Dogs Trust has a ‘Roadmap for rovers’ aimed at helping dogs cope and stay safe in larger social settings
Rachel Casey, Director of Canine Behaviour and Research, said: “As the hustle and bustle of life starts to return, and the streets get busier with people doing more socialising outdoors, it is important that we don’t drop the ball when it comes to our dog’s wellbeing and safety. Whether you plan on bringing your dog with you when out socialising, or you expect to leave them at home for a little while, this transition is likely to be difficult for them if they have been used to being at home with you for so long during lockdown.”
If you are socialising more outdoors and are planning to take your dog with you, the key, according to Dogs Trust, is to build up gradually; making sure your dog is relaxed and happy with a few people and dogs about before you take them somewhere busy.
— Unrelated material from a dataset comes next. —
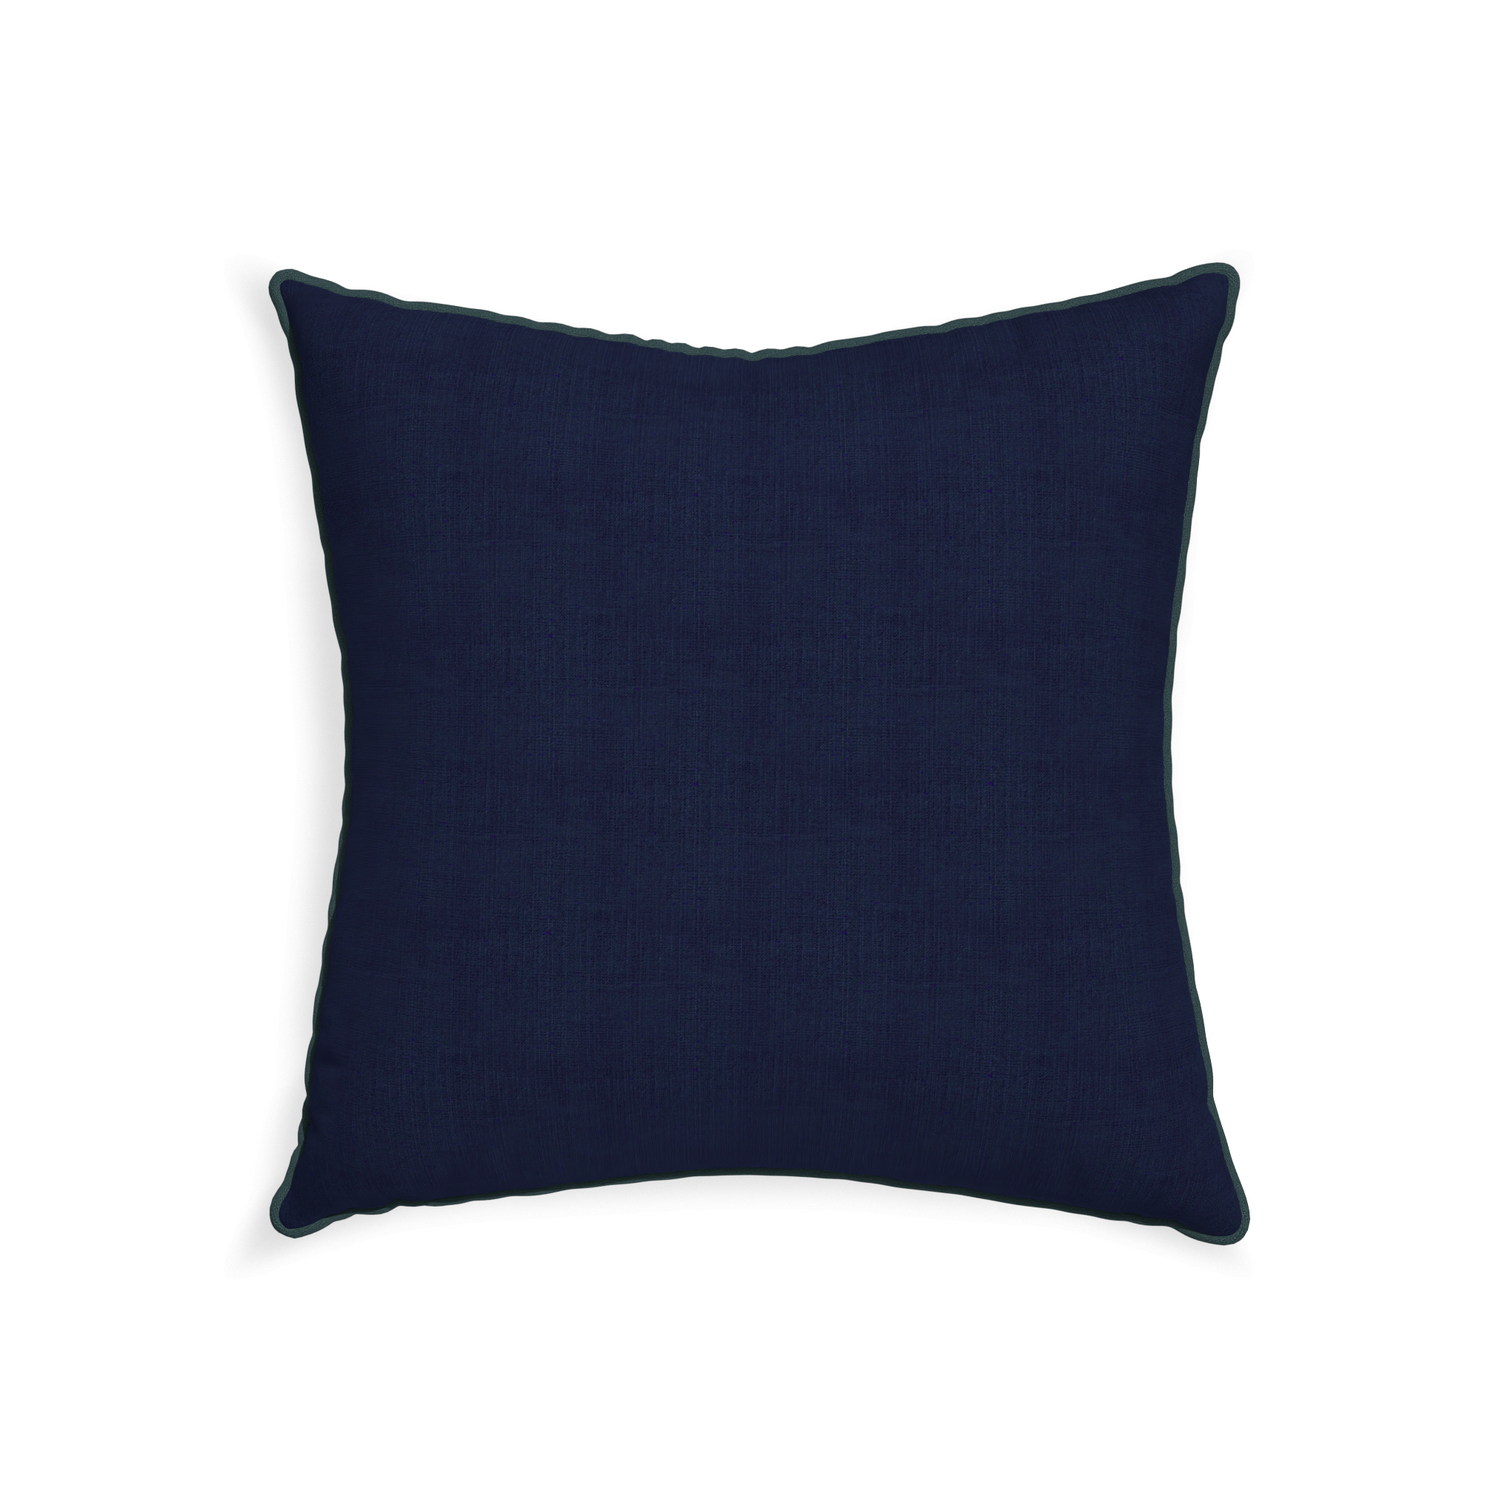 22-square midnight custom navy bluepillow with p piping on white background

By keeping them close to you, relaxed and with their attention on you, this will also help them cope with new things, as well as avoiding the risk of them wandering off and getting into potentially hazardous situations.
Teaching them to ‘settle’ in advance will make taking them to a pub or café much easier. Start this training at home to start with, where there are no distractions, so they can learn more easily what is expected. Building up the training in progressively more exciting environments will help you get to the point of having a calm relaxed dog sitting at your feet in a busy summer café. The aim of this training is for dogs to ‘learn for themselves’ that lying down relaxed next to you is the best thing to do.
Dogs Trust Dog School has supported around 2,500 dog owners through their online classes in the first three months of 2021 alone.
For more information and to book your dog or puppy onto a virtual set of training classes, visit www.dogstrust.org.uk/dogschool.
Online training videos can also be found www.dogstrust.org.uk/changethetale/advice
If you are unlikely to take your dog with you when out and about, it is important they are content being left on their own for a short period of time; if not, they may become distressed and begin showing unwanted behaviours.